Il est 1h30 du matin, je fatigue. Mais une question me titille encore. Comment ces jeunes, ouverts d’esprits, anti-conservateurs, de gauche, analysent-ils la situation politique avec les territoires occupés et les Palestiniens?

  • Ohh, c'est difficile, lâche Xenia.

  • Non, non, on n’en parle pas, c’est trop compliqué, enchaîne sa petite copine avant de se retourner et d’entamer une conversation avec la table d’en face.

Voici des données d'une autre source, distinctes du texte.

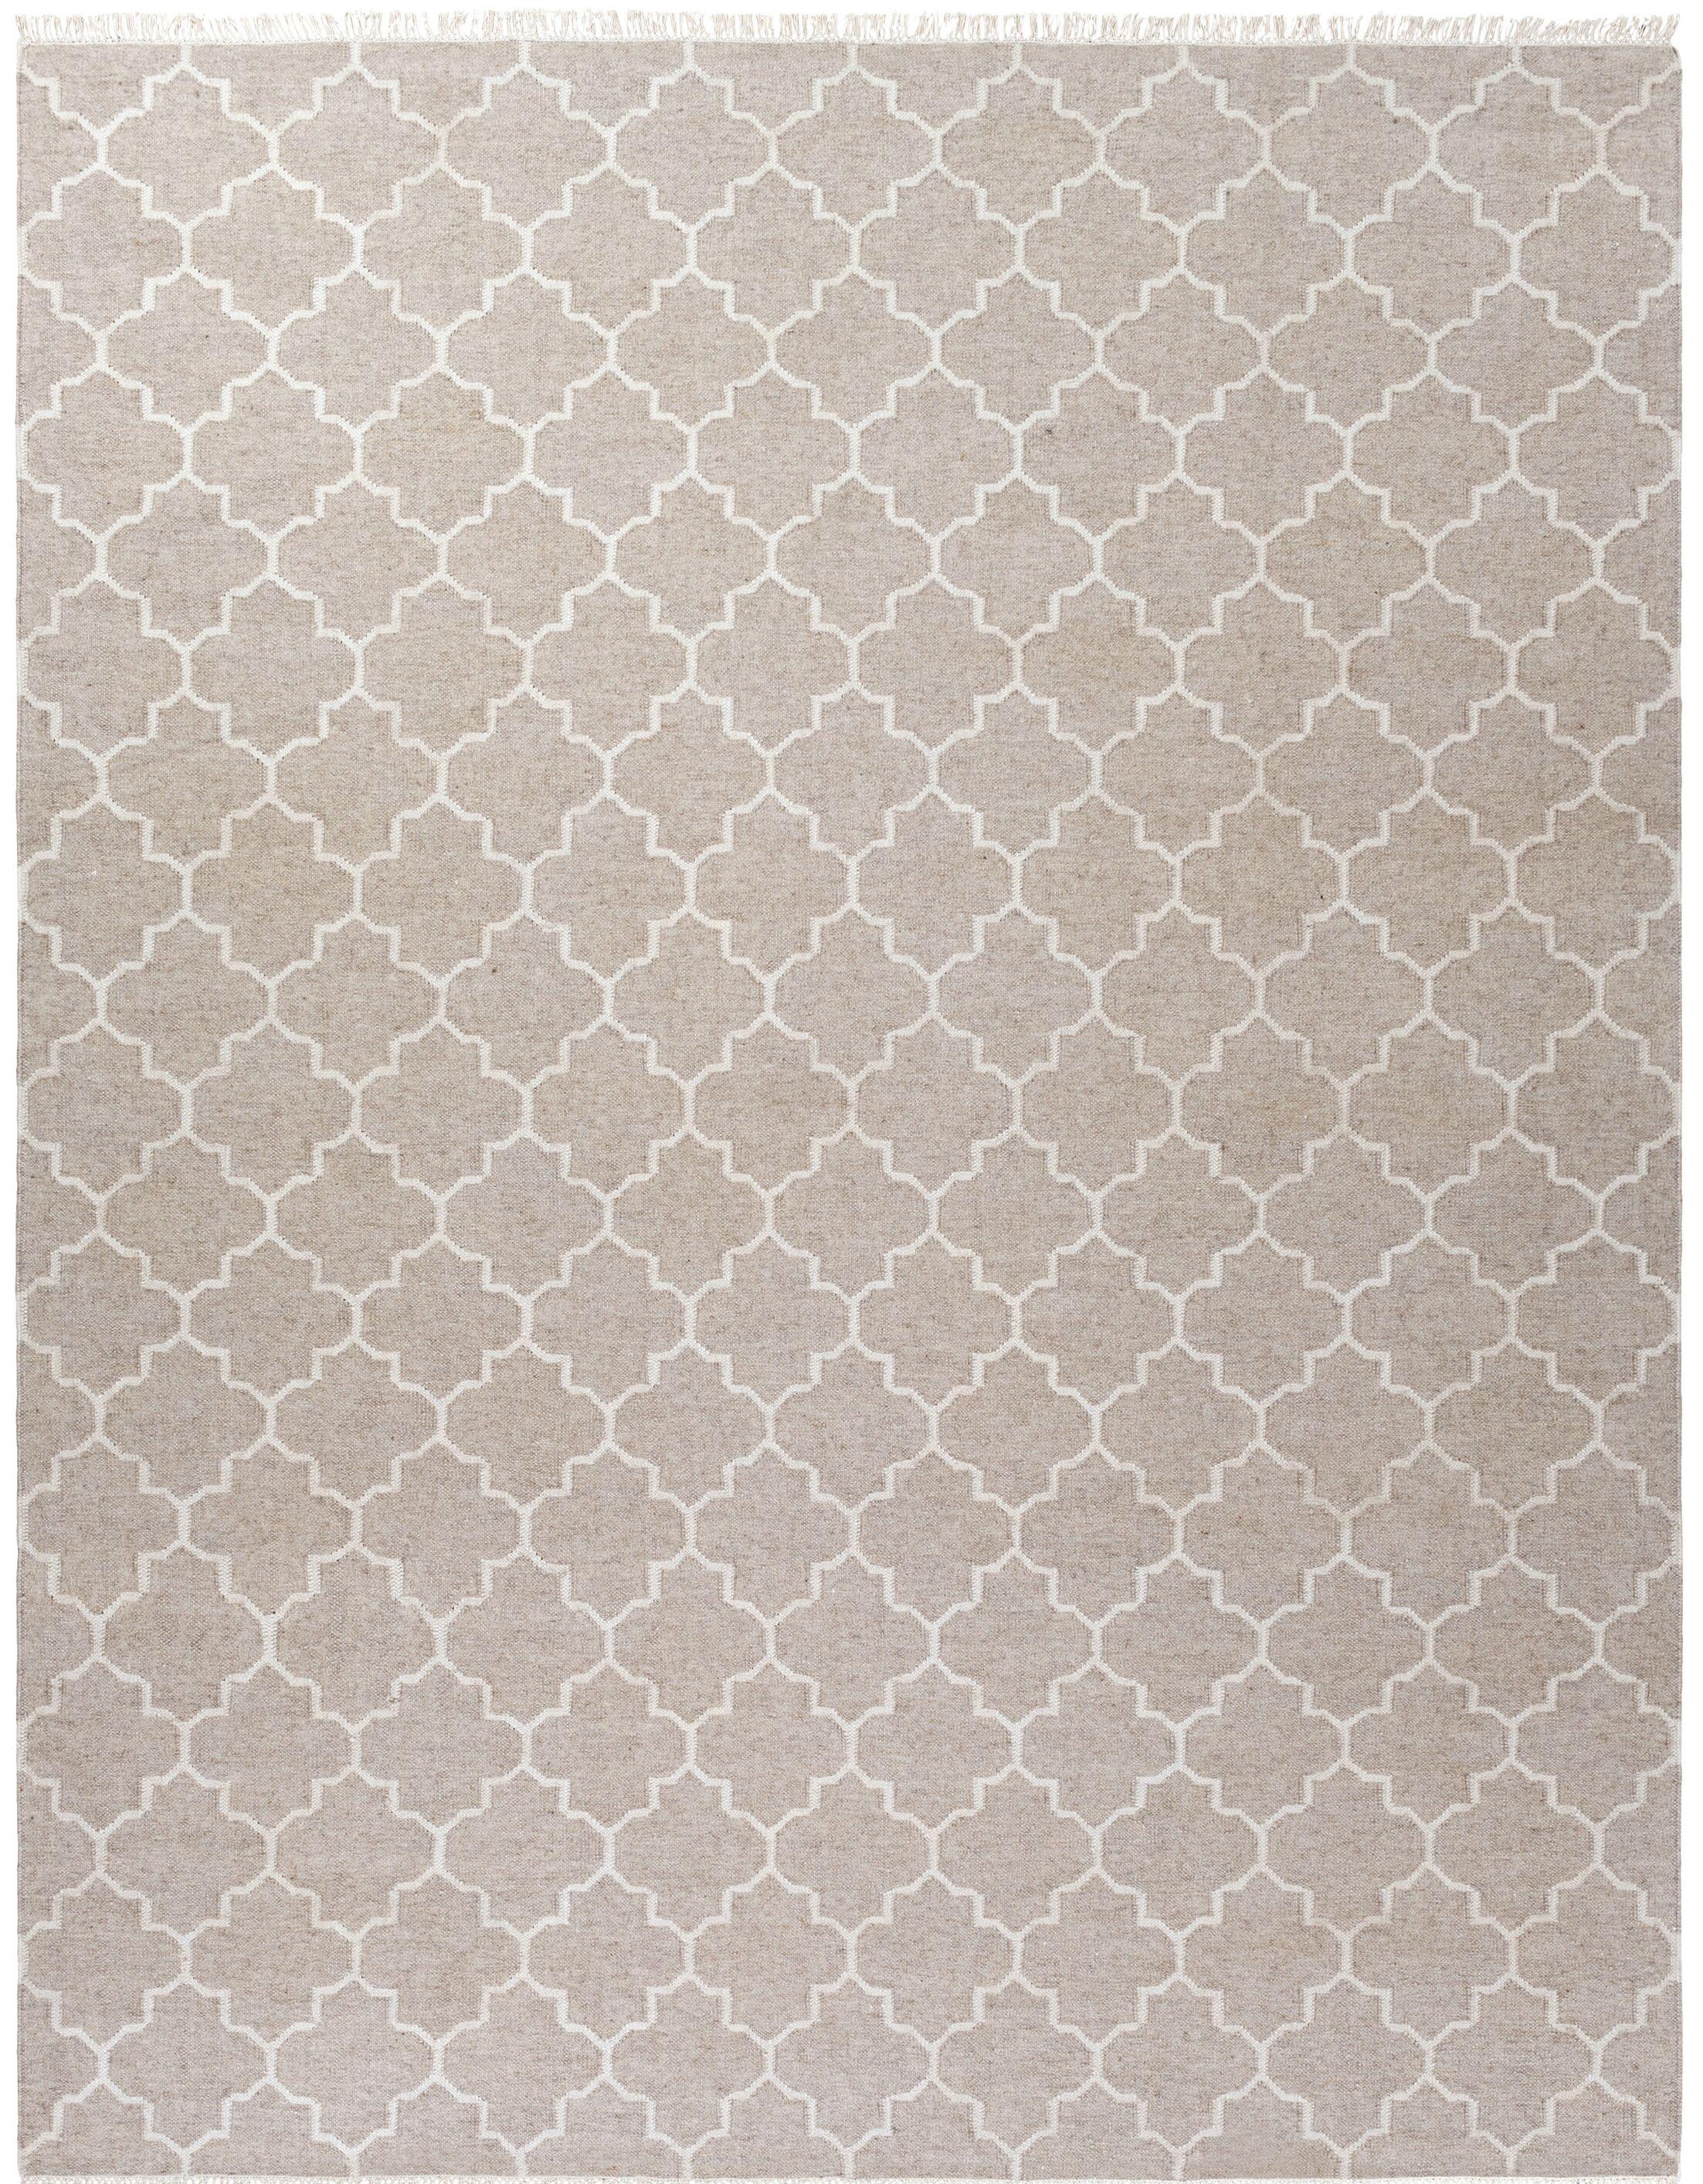 Palladio Hand-Woven Gray Area Rug Rug Size: Rectangle 8' x 10'
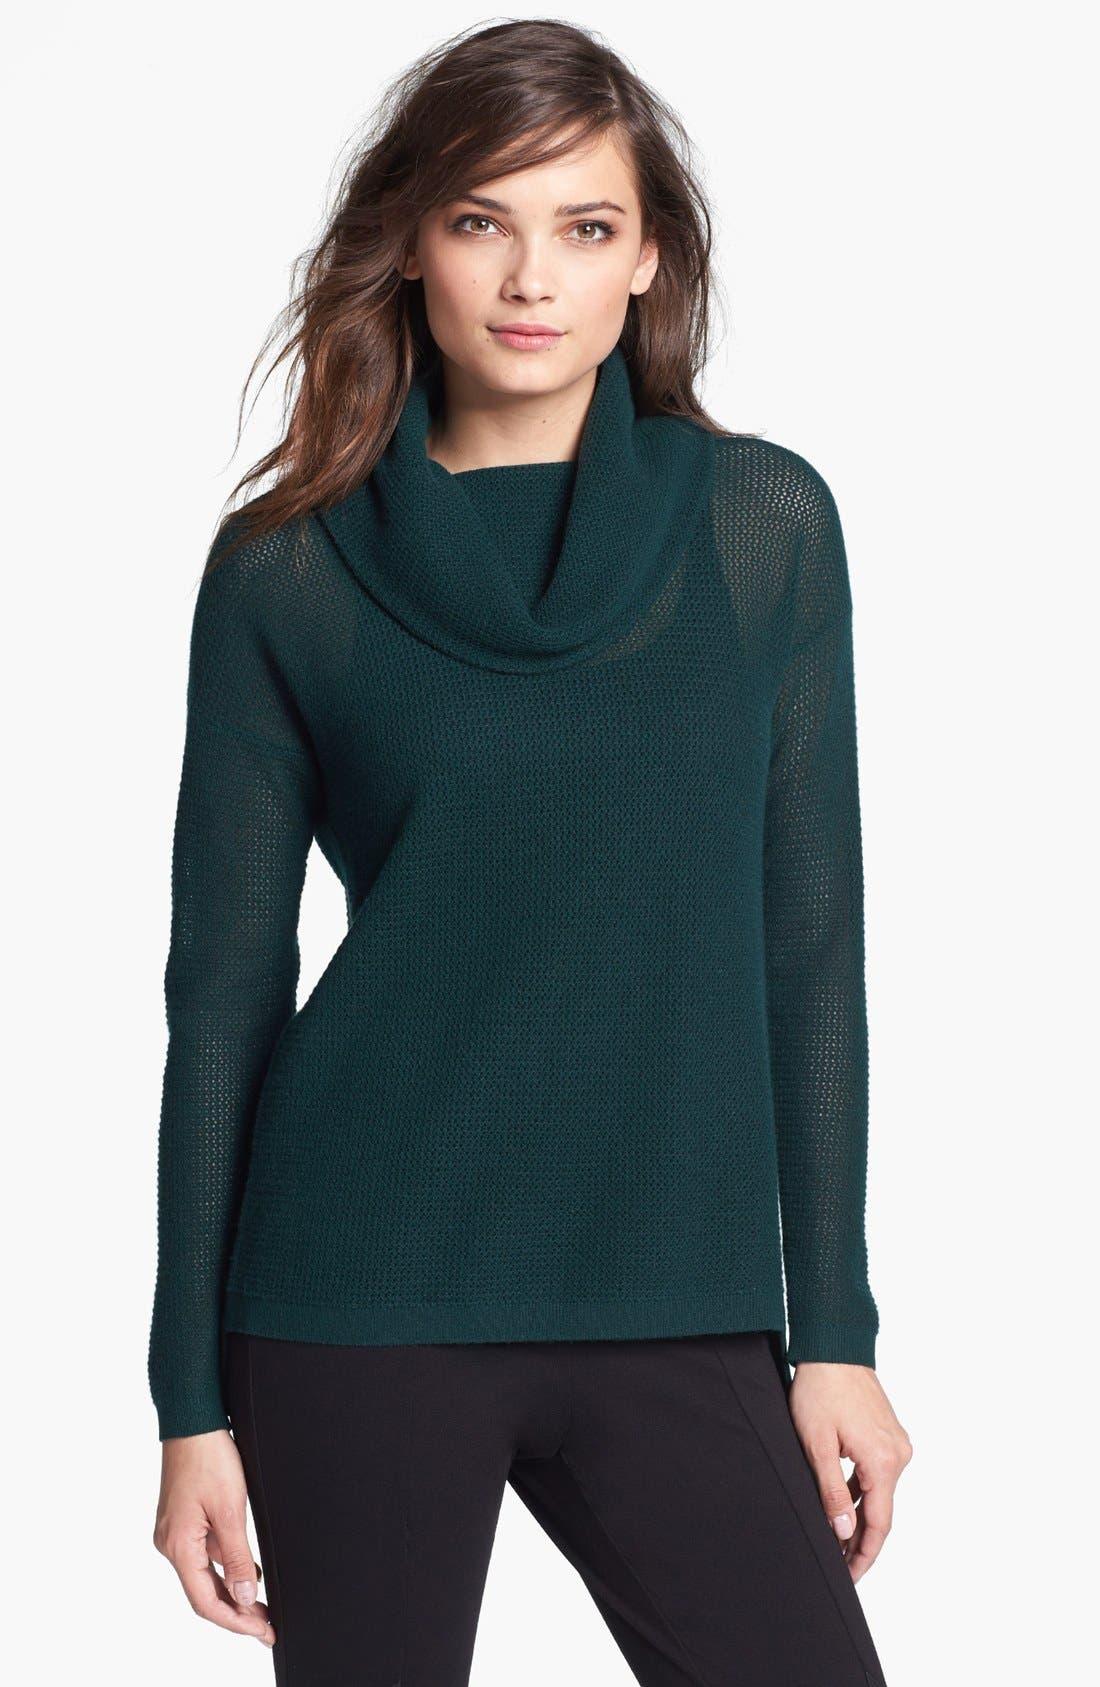 Main Image - Elie Tahari 'Nancy' Faux Wrap Back Cashmere Sweater

Xenia, elle, tente de développer:

  • Tu sais, quand tu vis ici, t’as toujours peur d'être bombardé. Même si ce n'est pas comme en Ukraine où tu peux vraiment mourir. En tant que nouvelle Israélienne, il m'arrive encore de penser que ce n'est pas si complexe, mais dans l'ensemble, quand on y regarde de plus près, c'est surtout dû à des frontières merdiques et à des décisions politiques qui n'ont pas été prises par les gens qui vivent ici. Et ça ne cesse d'empirer. Avec le gouvernement qu'on a maintenant, ça ne va pas s'arranger… Voilà, j’espère que j’ai répondu à ta question.